→ Activity: Please make an exact transcription of all the data that follows.

→ Data in this exercise:

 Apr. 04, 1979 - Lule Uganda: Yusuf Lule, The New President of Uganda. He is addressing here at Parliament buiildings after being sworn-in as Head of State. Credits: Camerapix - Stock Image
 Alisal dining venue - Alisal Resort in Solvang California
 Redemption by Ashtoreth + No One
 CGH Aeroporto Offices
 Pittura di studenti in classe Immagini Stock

→ Answer to this task:
 Apr. 04, 1979 - Lule Uganda: Yusuf Lule, The New President of Uganda. He is addressing here at Parliament buiildings after being sworn-in as Head of State. Credits: Camerapix - Stock Image
 Alisal dining venue - Alisal Resort in Solvang California
 Redemption by Ashtoreth + No One
 CGH Aeroporto Offices
 Pittura di studenti in classe Immagini Stock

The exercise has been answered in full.